Oh well… I’ll be there next week too. Hopefully that will be better, also because I’m attending a workshop where I’ll have a chance of learning a little bit of Swiss-German. I can already understand some of it, but it would be cool to understand more!

5 Comments

  1. Max:

    Mmm the German language. Fun, isn’t it? ;-)

    Although you may not feel that you’re progressing, conversation - even with other beginners - is very valuable, and in many ways more use than learning grammar and vocab.

    The most important skill in a language (for survival, anyway) is learning to make yourself use it! By talking to others who are not native speakers, you are unlikely to be overwhelmed by the level of the language. Talking with natives is much harder. You’re quite right, you’ll make mistakes, but at the same time you’ll get used to the flow and feel of the language, so that you can better learn from interaction with the rest of society once you’re released from the course.

    Learning a language takes time and practice and hard work. German is especially hard work - complex grammar and syntax.
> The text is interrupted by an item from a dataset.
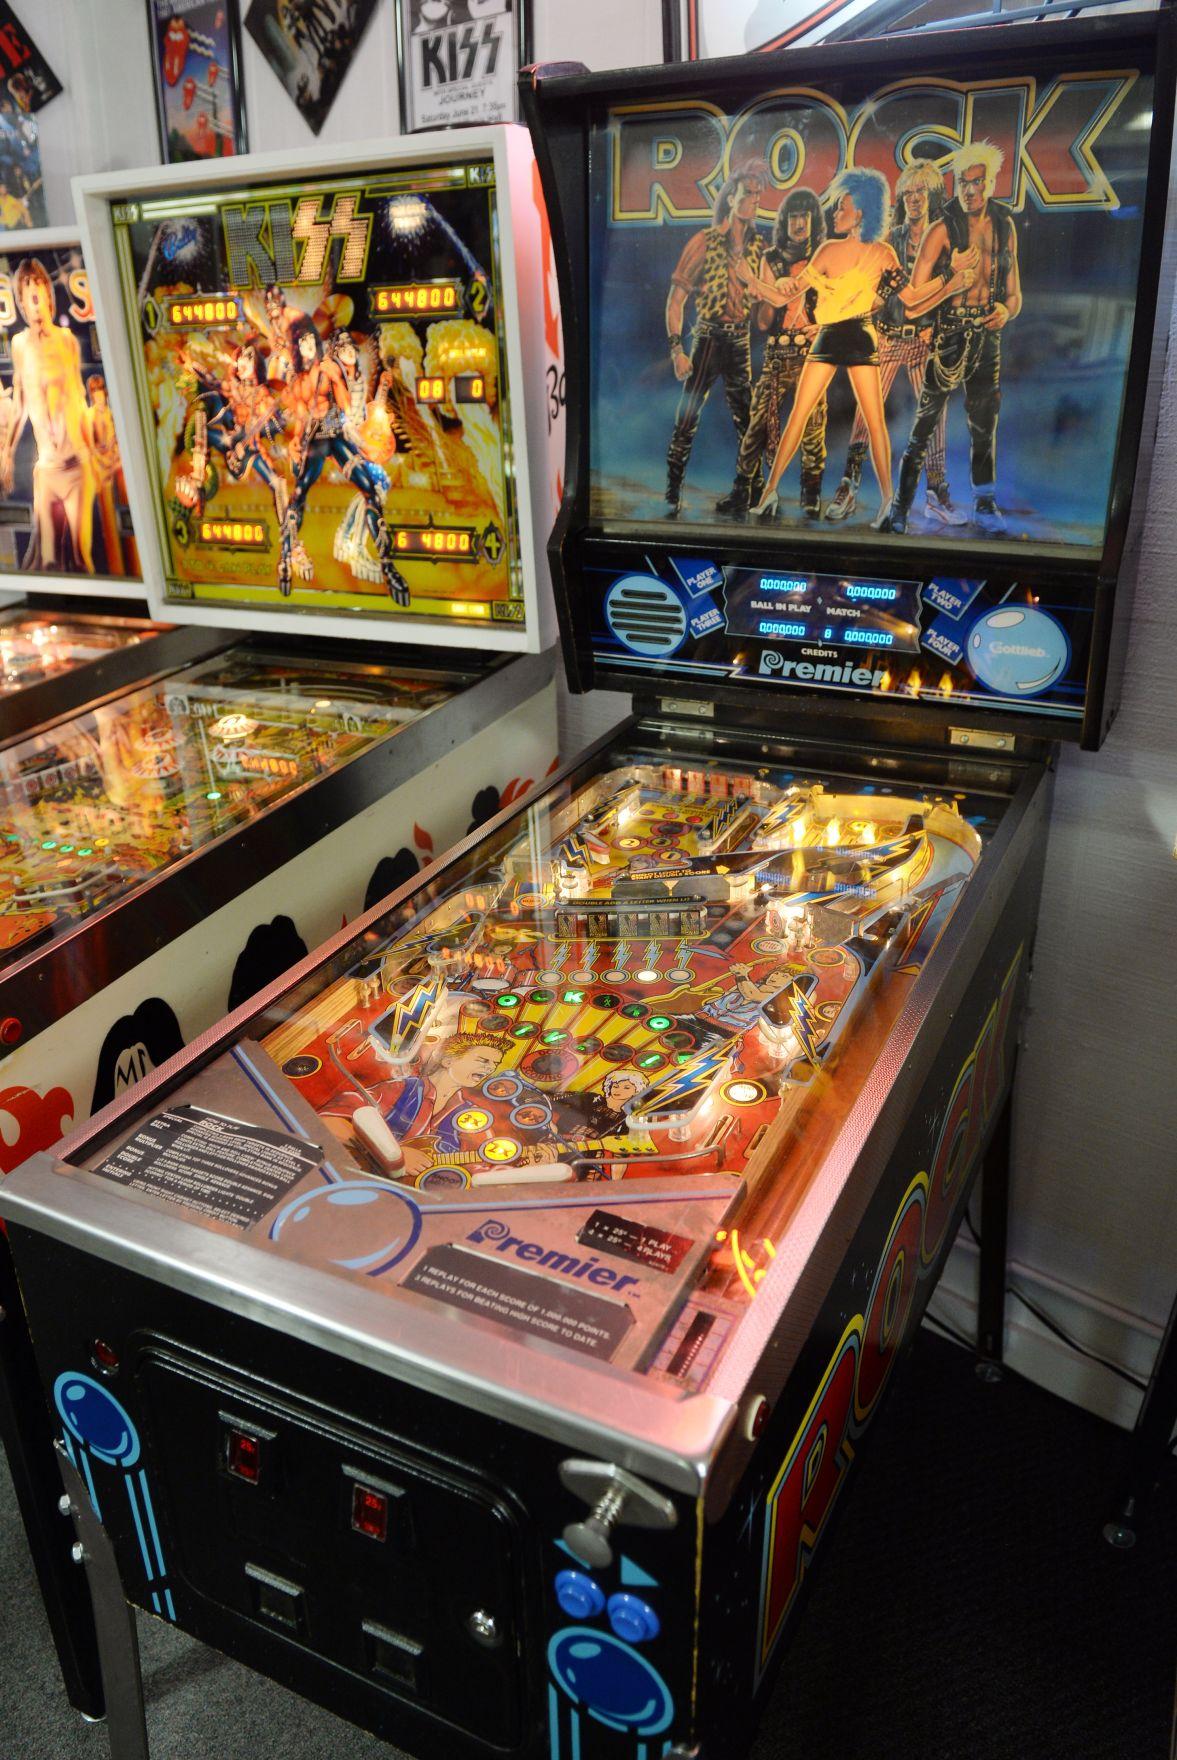 Blast from the past: Arcade a nostalgic dream for Vienna man

But that’s part of the fun!

    As a random aside, I was taught German for a year by Andrea Dlaska, who is now the director of the Sprachenzentrum at ETH..

  2. Martin:

    You’re of course right, practice is the only way to learn a language. It’s just that I feel that I already know fairly many German words and can understand it fairly well.

    But everytime I try to write something I notice that I cannot remember anything about the grammar system. The joke is that I’ve had three years of German classes in the Danish school and after that two years in the gymnasium (high-school) and I could go through this without learning these rules.

    I understand that I probably didn’t learn it then because I never really liked German as a school subject. But now I suddenly have a desire to learn this, and I have voluntered to spend seven hours each day in this course, expecting to learn this stuff. So that is why I’m disappointed: I had expected that I would now finally force myself to sit down and learn the rules.

    I haven’t met Andrea Dlaska, but I can see that I could if I would take some of the more advanced German courses through the sememster. Last week I was tought by Ueli Bachmann both in the normal class and in the afternoon workshop. Next week I’ll have another teacher for the workshops.

  3. Martin:

    Commenting on my own comment…

    I’m not saying that Ueli Bachmann is a bad teacher, not at all. It was clear that our week was carefully planned, and that the activities on each day were planned as well so that we, for example, started out with reading a text about Emotional Intelligence, then discussed the differences between academic and non-academic people, and finished off by writing a poster with a job offering for a university, where we exactly had to describe the EI and academic qualities we expected from the applicant.

    So the course is well-planned, it’s just planned for something different than what I expected.

  4. Evan Rude:

    It is no wonder what a great challenge it must have been for you to try and grasp the German language, since you apperently (based on your above grammer) have not grasped the english language. I hope for your sake that english is a second language as well.

  5. Martin Geisler:

    Don’t worry, English is a second language, as you’ve guessed :-) My mothertongue is Danish.

    I started learning English at some point in primary school, I guess in the fifth grade. From the seventh to the ninth grade we have either German or French, and I choose German. I continued with German for two years in our gymnasium (I think it’s somewhat like High School in the US).

    In the third (and final) year of the gymnasium I could have had English, but I choose Computer Science instead. I think that was a bit of a mistake, since I already knew too much about CS — and with all the English I write every day I would have liked to have a more deep knowledge about English grammar.

    I’ve re-read the post again, and I agree that it’s not the most beautiful piece of English litterature ever published :-) I’ve corrected some mistakes I found, I hope it’s better now — please point out any big mistakes left back so that I can get rid of those too!